Читаем История свободы. Россия полностью

И Де Местр, и Толстой в определенном смысле воспринимали западный мир как «загнивающий», причем разложение казалось им поступательным и быстрым. Эту доктрину в буквальном смысле слова придумали католические контрреволюционеры на рубеже XVIII и XIX веков, и она во многом определила их отношение к Французской революции как к наказанию Божьему, насланному на отступников от веры, в особенности – от веры католической. Из Франции эта связанная с воинствующим клерикализмом доктрина различными путями, в основном – через второразрядных журналистов и их ученых читателей, проникла в Германию и Россию (в Россию – и непосредственно, и в немецких интерпретациях), где нашла вполне подходящую почву среди тех, кто, счастливо избежав революционных потрясений, льстил своему самолюбию верой в то, что у них-то, во всяком случае, осталась возможность возвыситься к вящей силе и славе, в то время как Запад, подточенный падением отеческой веры, разлагается буквально на глазах, нравственно и политически. Несомненно, Толстой воспринял эту часть своего мировоззрения от славянофилов и прочих русских шовинистов в не меньшей степени, чем от де Местра, однако стоит отметить, насколько сильна была эта вера в обоих этих людях, жестких и аристократичных наблюдателях нравов, и насколько важное положение она занимает в их до странного близких способах видеть мир. Оба, в сущности, были неисправимыми пессимистами, чья безжалостная склонность разрушать принятые в обществе иллюзии отпугивала от них современников, даже тогда, когда тем приходилось нехотя признавать их правоту. Хотя де Местр был фанатически убежденным ультрамонтаном и защитником раз и навсегда установленных институтов, тогда как Толстой, совершенно аполитичный вначале, не оставил свидетельств сколь-нибудь радикальных политических мнений, оба вызывали смутное подозрение в нигилизме – и впрямь гуманистические ценности рассыпались во прах, стоило только этим ценностям попасть к ним в руки. Оба искали выхода из глухого, непробойного скептицизма в какой-то огромной, чреватой смыслами истине, которая защитила бы их от их же собственных природных наклонностей и темперамента: де Местр – в Церкви, Толстой – в неиспорченном человеческом сердце и в простой братской любви, которая вряд ли была близка ему. Перед ликом этого идеала повествовательный дар ему изменяет, и выходит нечто безыскусное, ходульное, наивное, отчаянно трогательное, отчаянно неубедительное и, видимо, весьма далекое от его собственного опыта.

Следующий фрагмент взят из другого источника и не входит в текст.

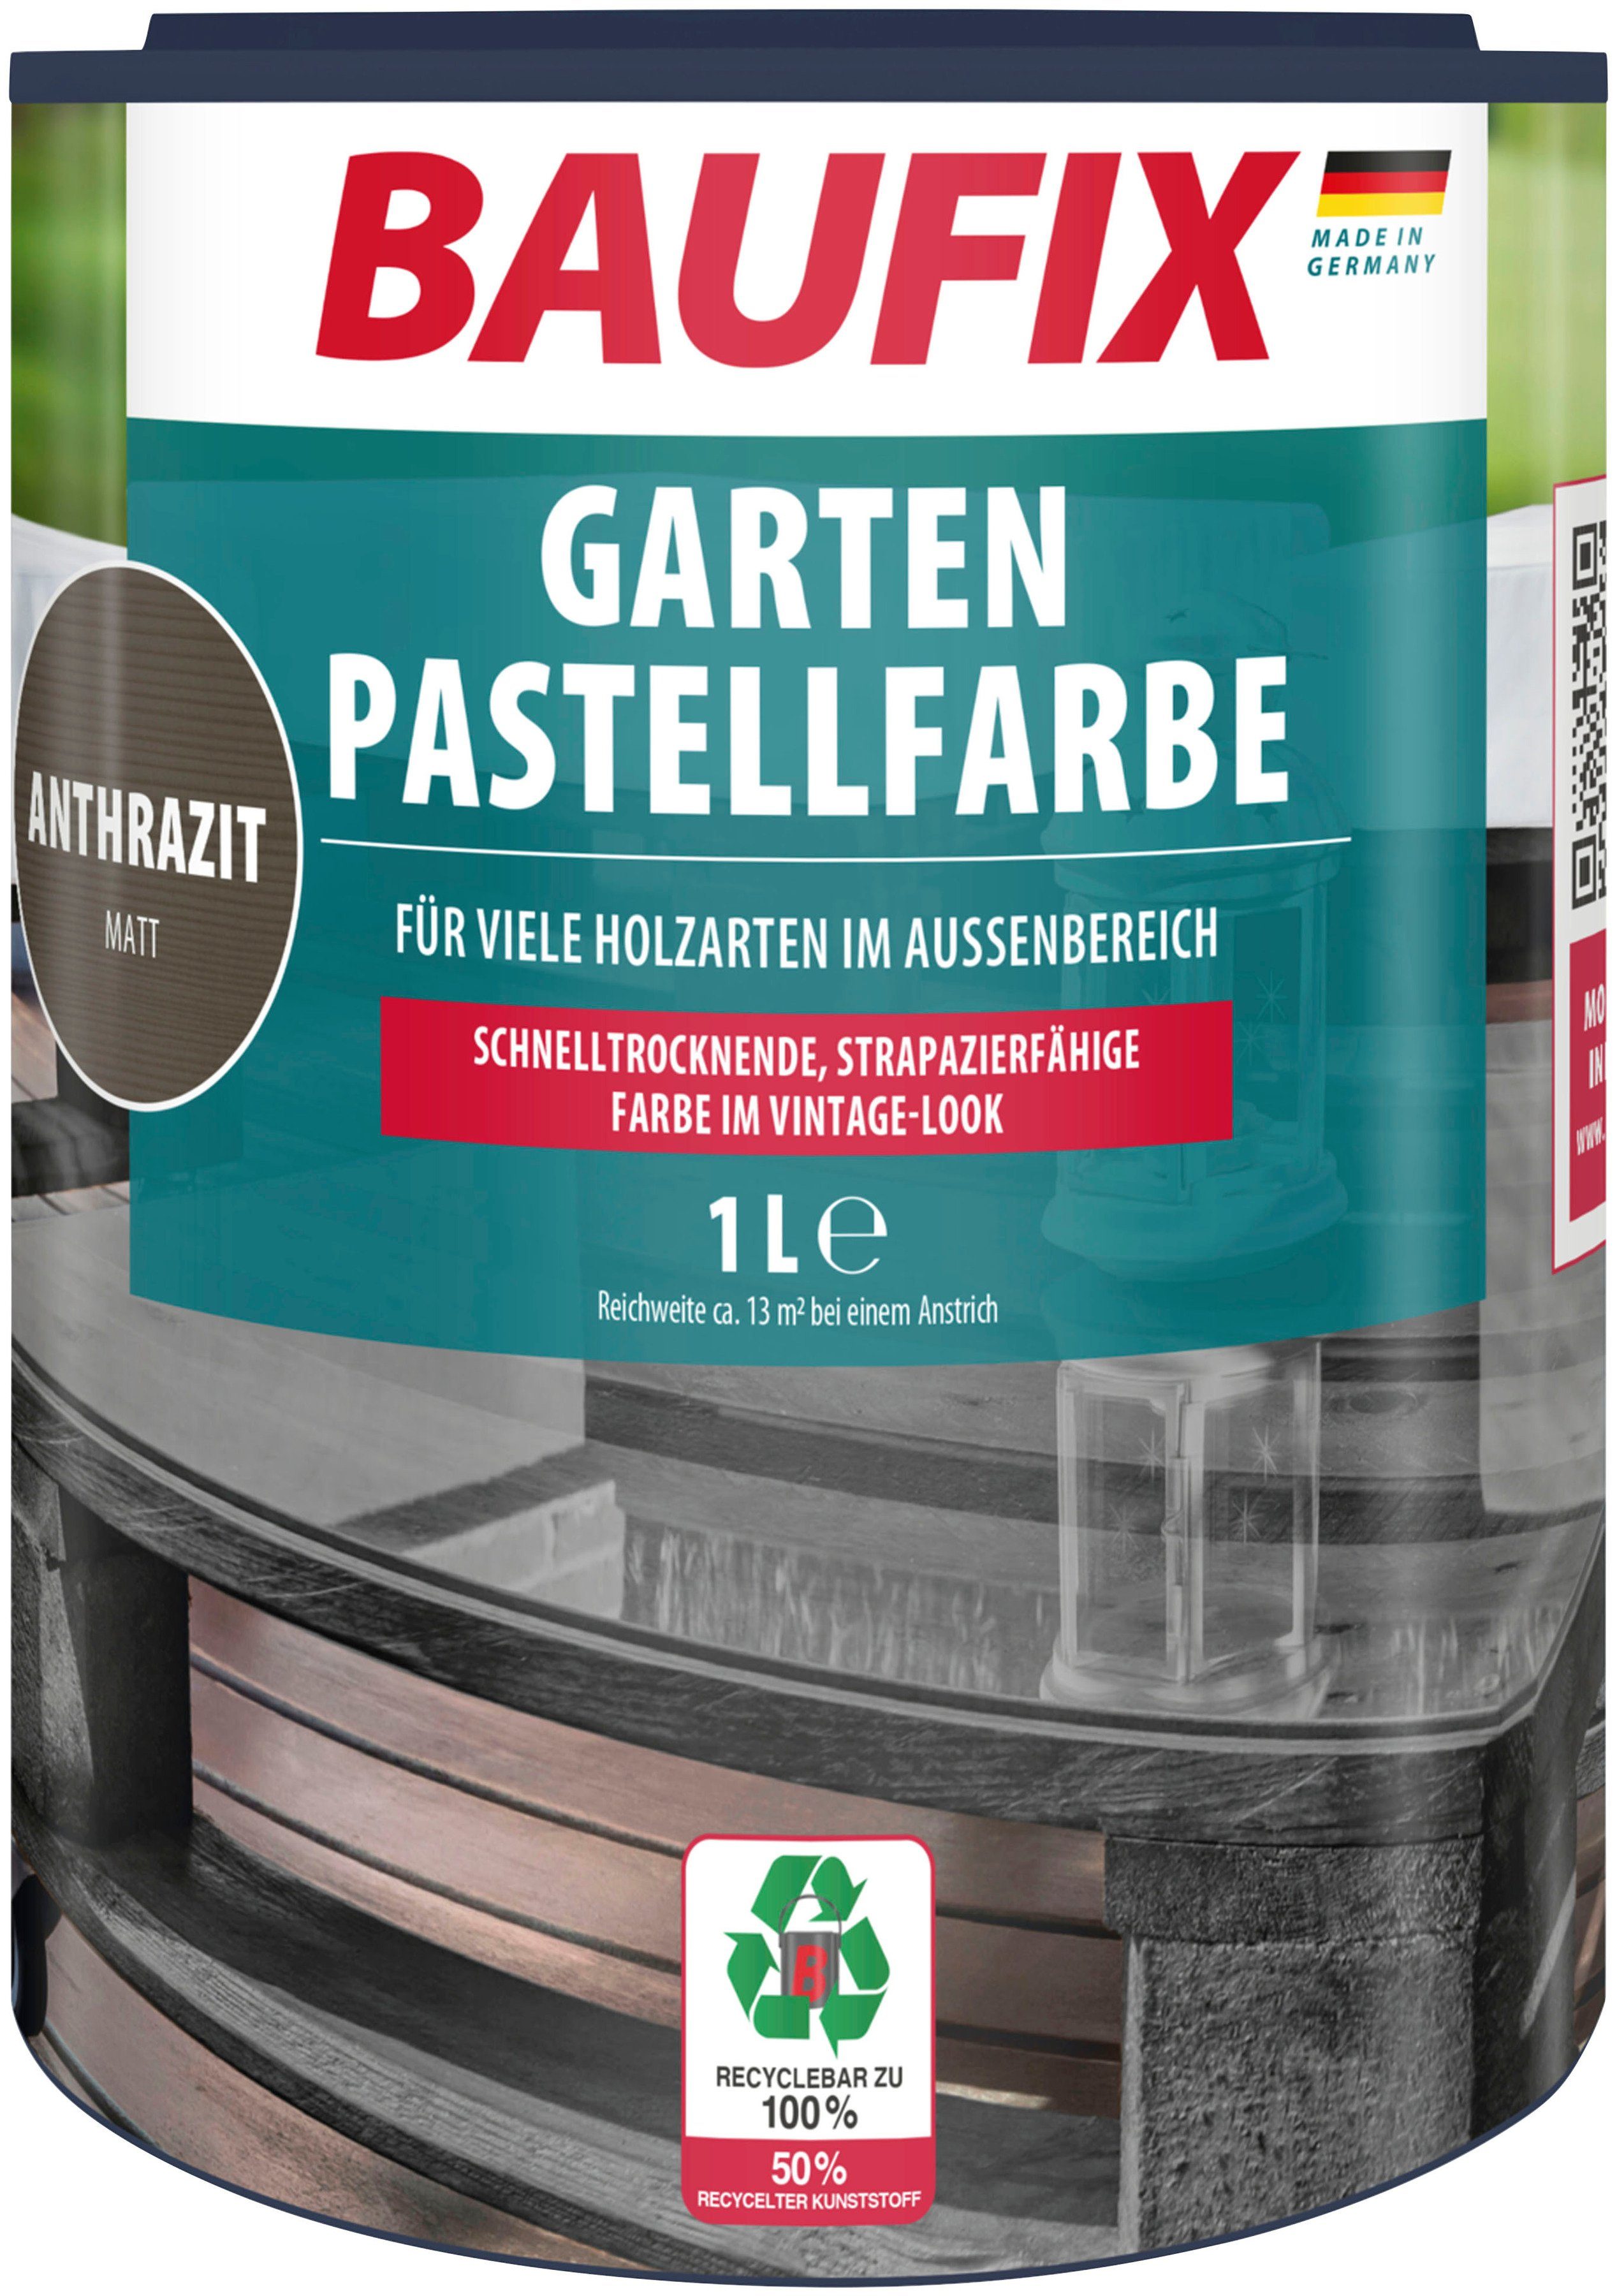 Baufix Holzlack Garten Pastellfarbe, schnell trocknend, strapazierfähig, halbtransparent, 1L, matt anthrazit

Однако пользоваться этой аналогией нужно с известной долей осторожности! И де Местр, и Толстой действительно придавали величайшую значимость войне, но де Местр, как, вслед за ним, и Прудон[328], считает войну таинственной и божественной, в то время как Толстому она внушает отвращение, и он считает, что объяснить ее можно лишь в том случае, если мы овладеем достаточным объемом микроскопических «причин», знаменитым историческим «дифференциалом». Де Местр верил, что власть – иррациональная сила, что надо ей подчиняться, что преступления неизбежны, страдания и наказания – глубоко значимы. Он видел в палаче краеугольный камень общества, и Стендаль отнюдь не случайно называл его l’ami du bourreau[329], а Ламенне сказал, что у него только две реальности – преступление и наказание, «все его книги как будто бы написаны на эшафоте». Для де Местра мир состоит из диких тварей, которые беспрерывно терзают друг друга, убивают ради жестокого и кровавого удовольствия; он считает это нормальным условием всякой одушевленной жизни. Толстой далек от таких ужасов и от подобного садизма[330]; нельзя назвать его и мистиком (pace[331] Альбер Сорель и Вогюэ), мистиком в каком бы то ни было смысле этого слова: запретных тем и вопросов для него нет, и он уверен, что на все можно достаточно просто ответить, если только мы не станем мучить самих себя и искать ответов в более чем странных и удаленных местах, когда они лежат у нас под ногами.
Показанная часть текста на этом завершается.